Synthetic Reagents: Aluminium isopropoxide and applications MCQs With Answer

Introduction: Aluminium isopropoxide is a versatile organoaluminum reagent extensively used in organic synthesis for transfer hydrogenation and oxidation reactions. This quiz collection explores its structure, mechanism, preparation, reaction scope, and practical applications relevant to pharmaceutical synthesis, including the Meerwein–Ponndorf–Verley (MPV) reduction and Oppenauer oxidation. Questions emphasize mechanistic details, substrate selectivity, stereochemical outcomes, reagent handling, solvent and temperature effects, and comparison with alternative reducing agents. Designed for M.Pharm students, the set deepens conceptual understanding and exam preparedness by combining theoretical fundamentals with real-world examples such as stereoselective ketone reductions and protection-group compatibility. Answers are provided to facilitate self-assessment and targeted revision.

Q1. What is the correct molecular formula/representation of aluminium isopropoxide?

• Al(O-iPr)3
• AlCl3·3iPrOH
• Al(OCH3)3
• Al(OH)3

Correct Answer: Al(O-iPr)3

Q2. In the Meerwein–Ponndorf–Verley (MPV) reduction catalyzed by aluminium isopropoxide, what is the role of the reagent?

• Acts as a hydride donor itself without solvent participation
• Serves as a Lewis acid catalyst enabling transfer hydrogenation from isopropanol
• Oxidizes alcohols to ketones by direct electron transfer
• Performs radical hydrogen abstraction

Correct Answer: Serves as a Lewis acid catalyst enabling transfer hydrogenation from isopropanol

Q3. Which transition state is characteristic of the MPV reduction mechanism with aluminium isopropoxide?

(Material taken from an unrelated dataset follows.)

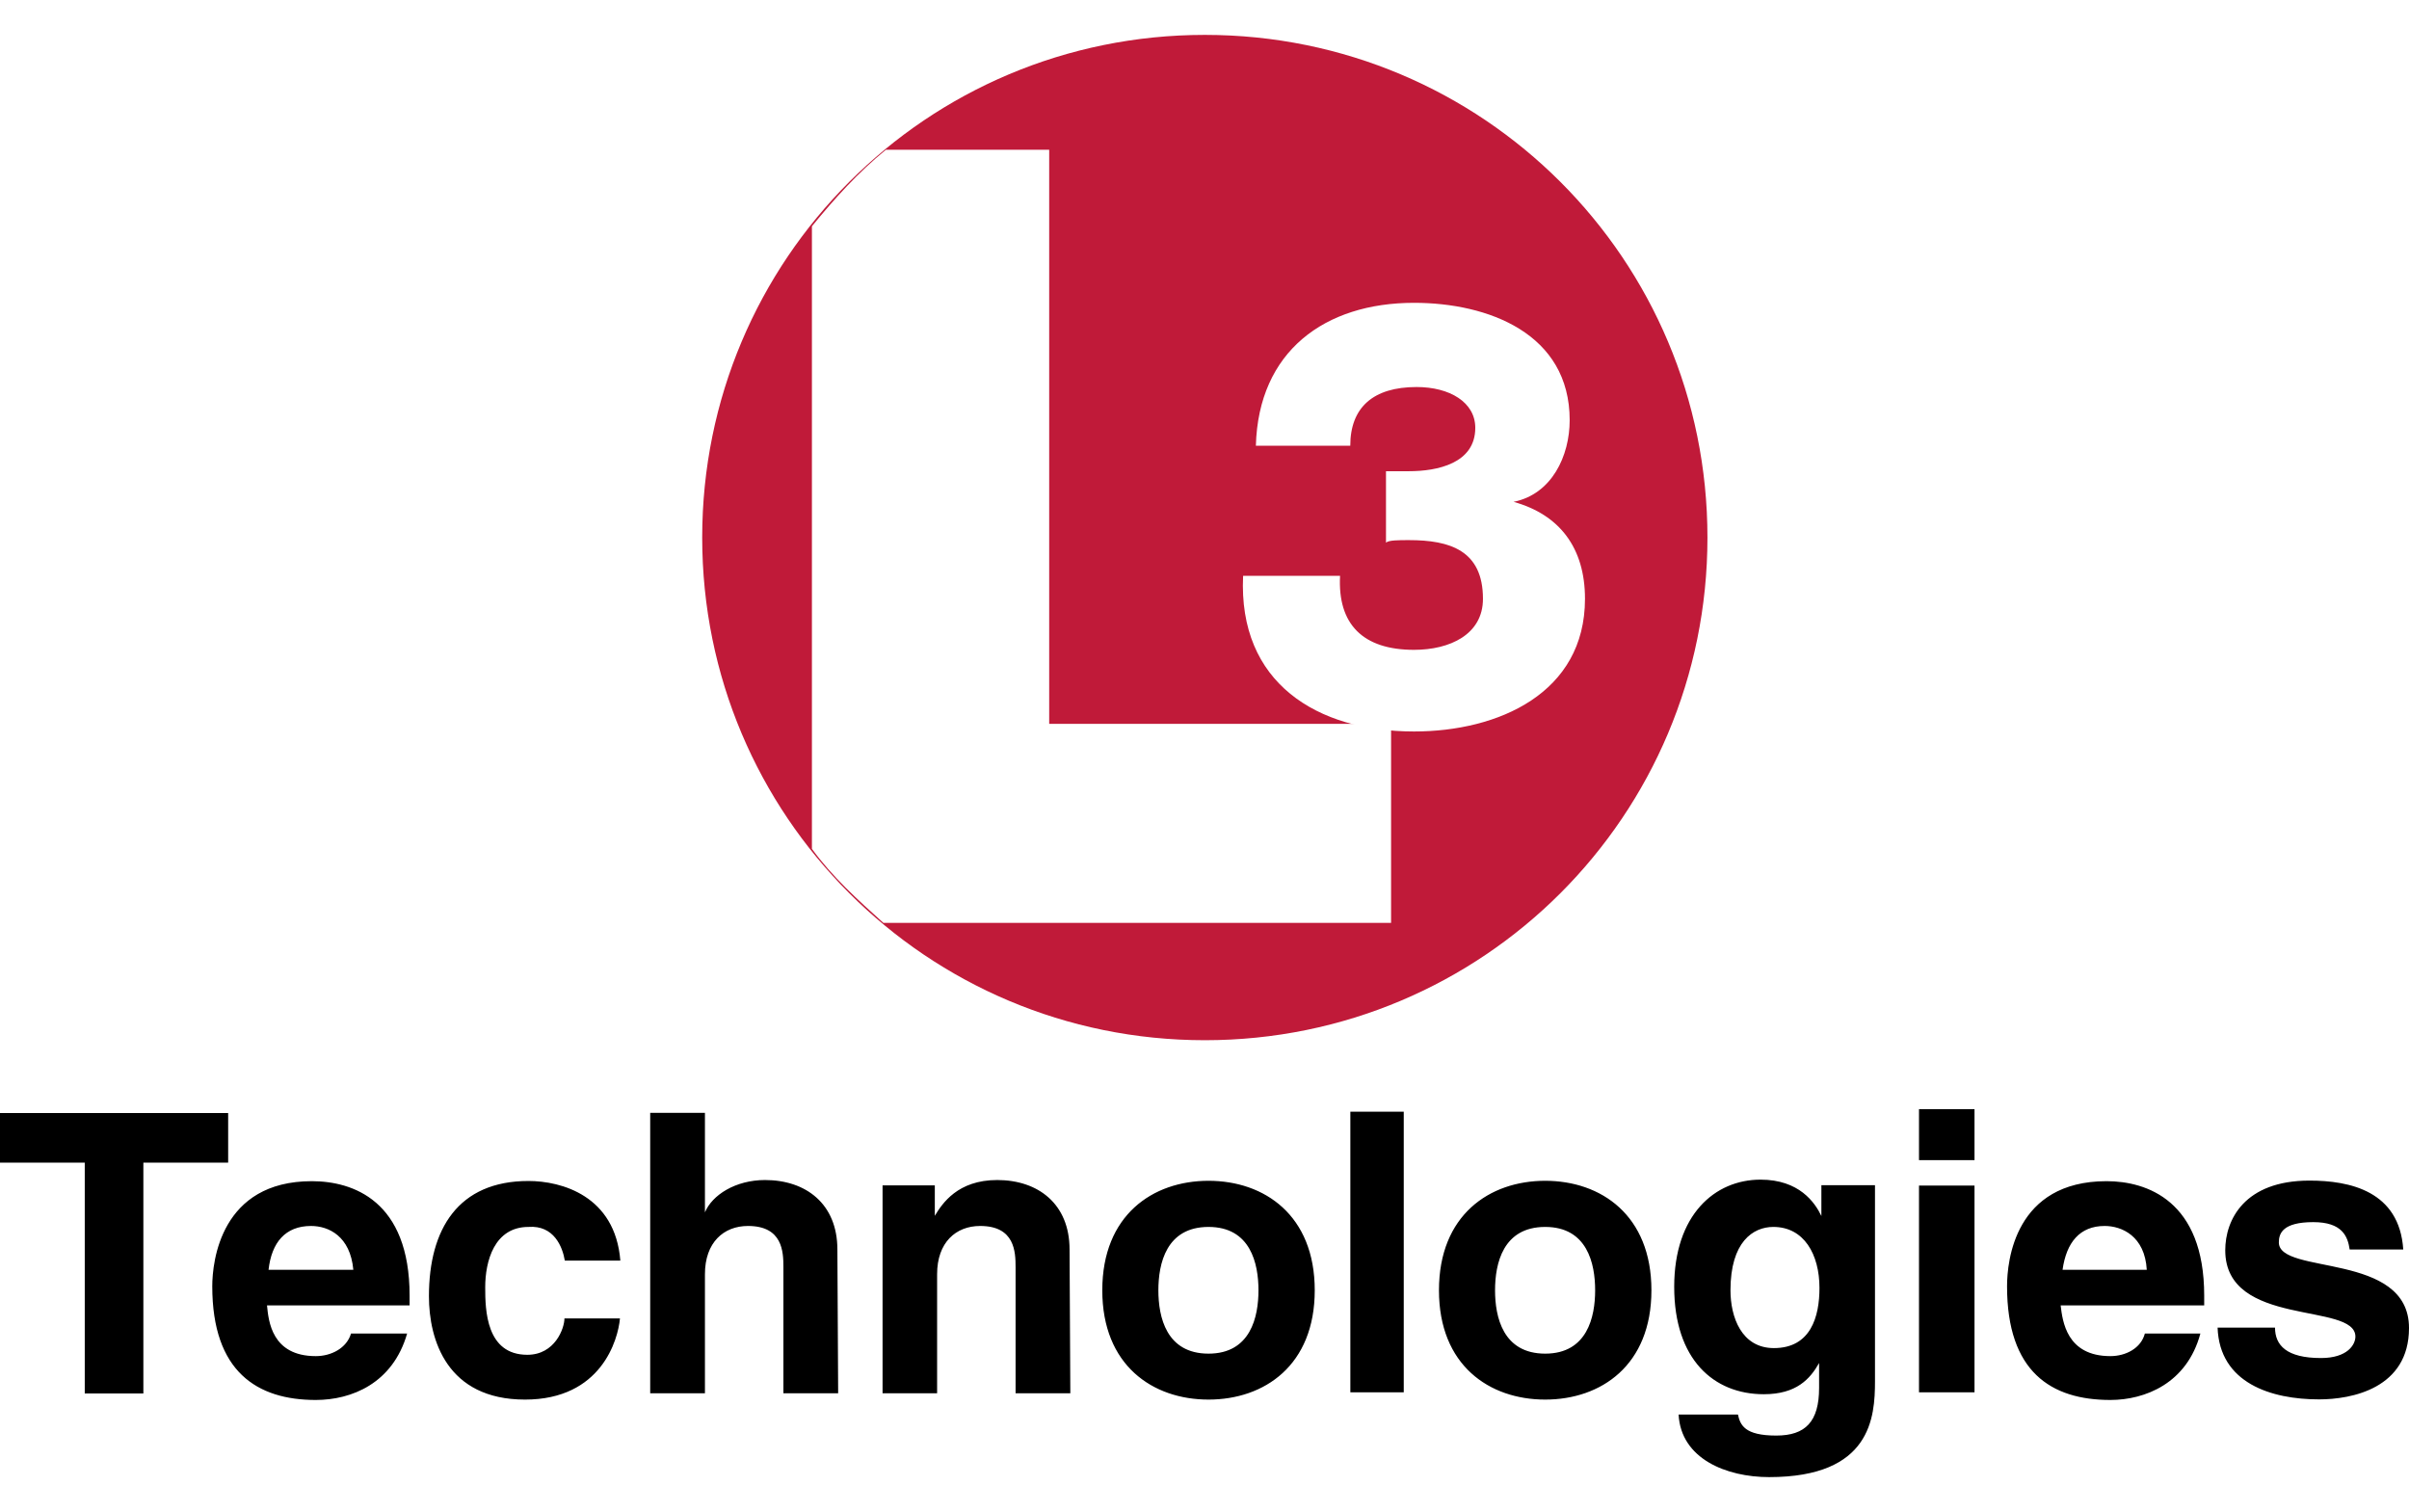 L3 Technologies logo colors

• A four-membered cyclic borate intermediate
• A six-membered cyclic alkoxy–aluminium transition state
• A free hydride ion transfer to carbonyl
• A radical-chain transition state

Correct Answer: A six-membered cyclic alkoxy–aluminium transition state

Q4. How is aluminium isopropoxide typically employed in MPV reactions with respect to stoichiometry?

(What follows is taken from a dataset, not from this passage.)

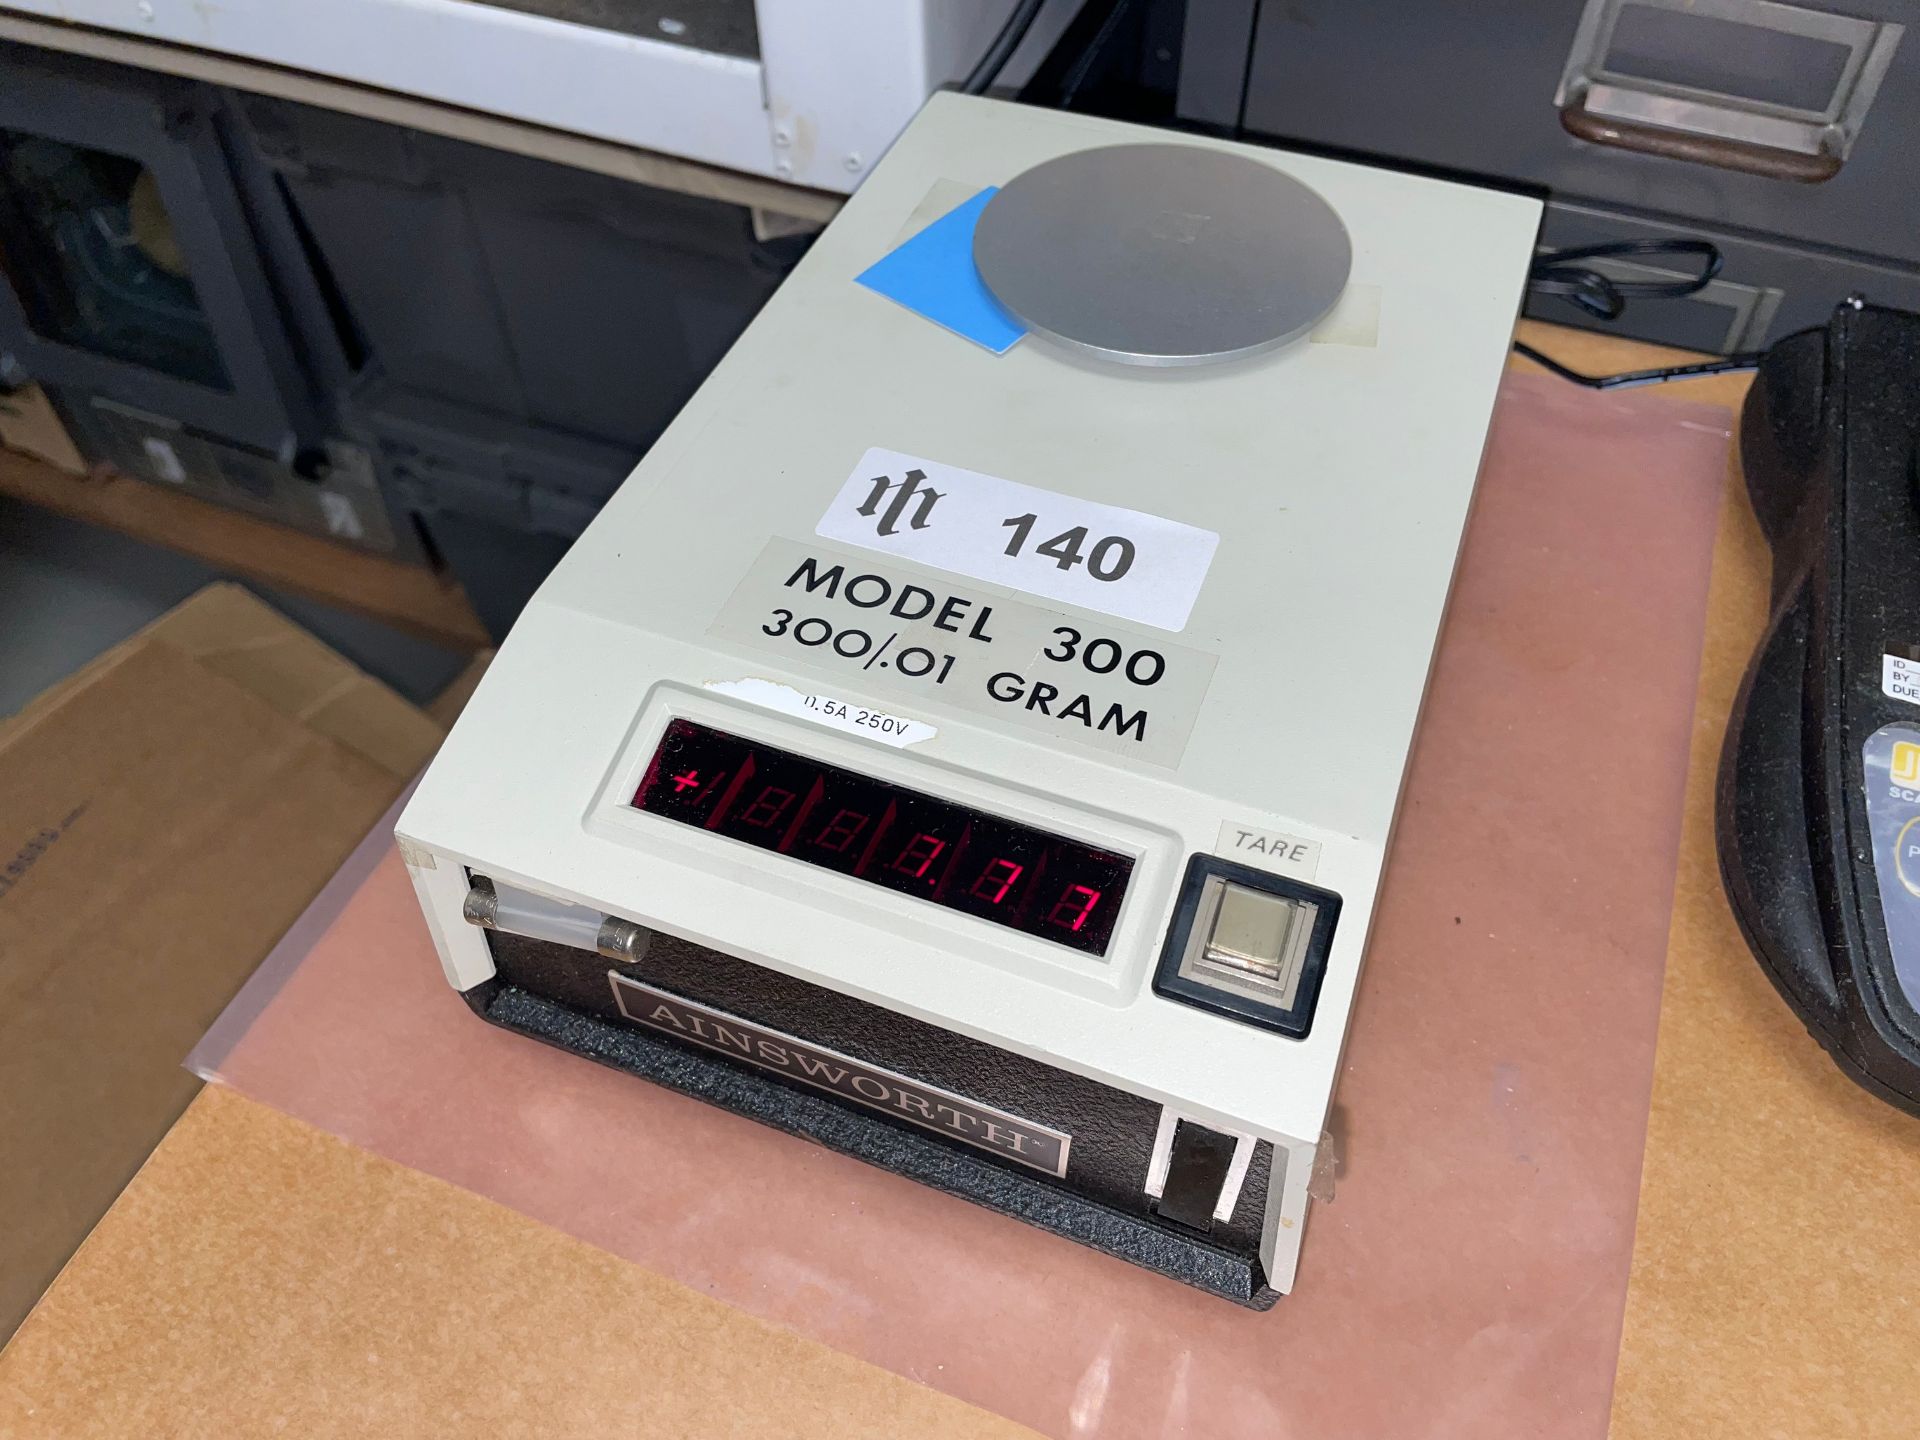 Ainsworth Mdl. 300 Digital Lab Scale

• Used catalytically in small amounts with excess isopropanol
• Always used in large stoichiometric excess relative to substrate
• Used in equimolar amounts to the substrate for single turnover
• Used as a sub-stoichiometric radical initiator

Correct Answer: Used catalytically in small amounts with excess isopropanol

Q5. What is the Oppenauer oxidation as catalyzed by aluminium isopropoxide?

• Oxidation of secondary alcohols to ketones using acetone as hydride acceptor
• Reduction of ketones to alcohols using sodium borohydride
• Oxidative cleavage of vicinal diols to carbonyls
• Hydrogenation of alkenes to alkanes

Correct Answer: Oxidation of secondary alcohols to ketones using acetone as hydride acceptor

Q6. Which solvent choice is commonly used for an Oppenauer oxidation catalyzed by aluminium isopropoxide?

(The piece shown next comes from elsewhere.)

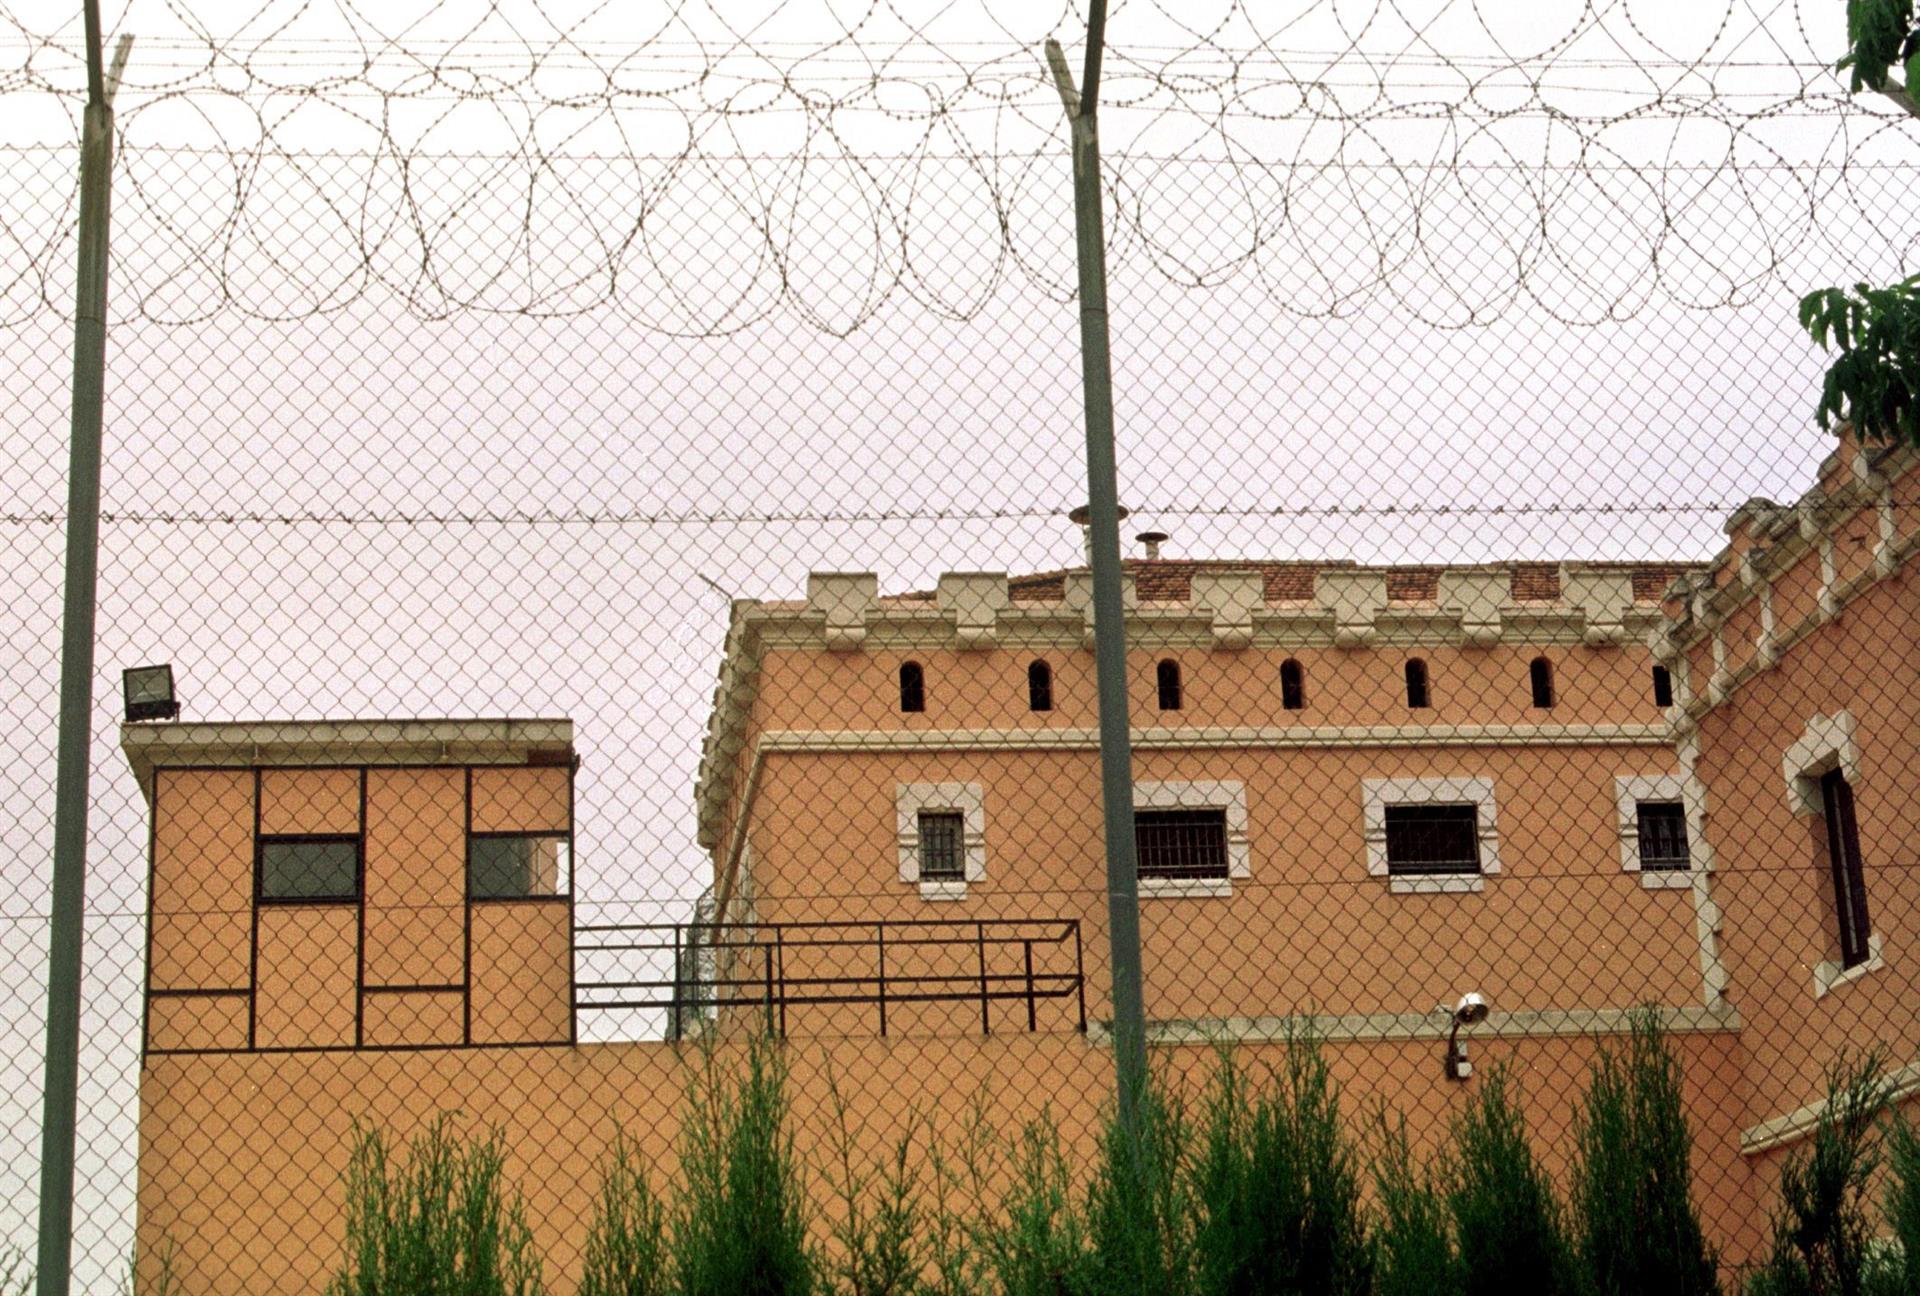 Foto de archivo de un centro penitenciario. EFE

• Toluene (aprotic, non-polar) with excess acetone as hydride acceptor
• Neat water to promote hydrolysis
• Strongly protic solvents like methanol as both solvent and oxidant
• Liquid ammonia to stabilize intermediates

Correct Answer: Toluene (aprotic, non-polar) with excess acetone as hydride acceptor

Q7. Which carbonyl substrate is reduced faster in an MPV reduction using aluminium isopropoxide?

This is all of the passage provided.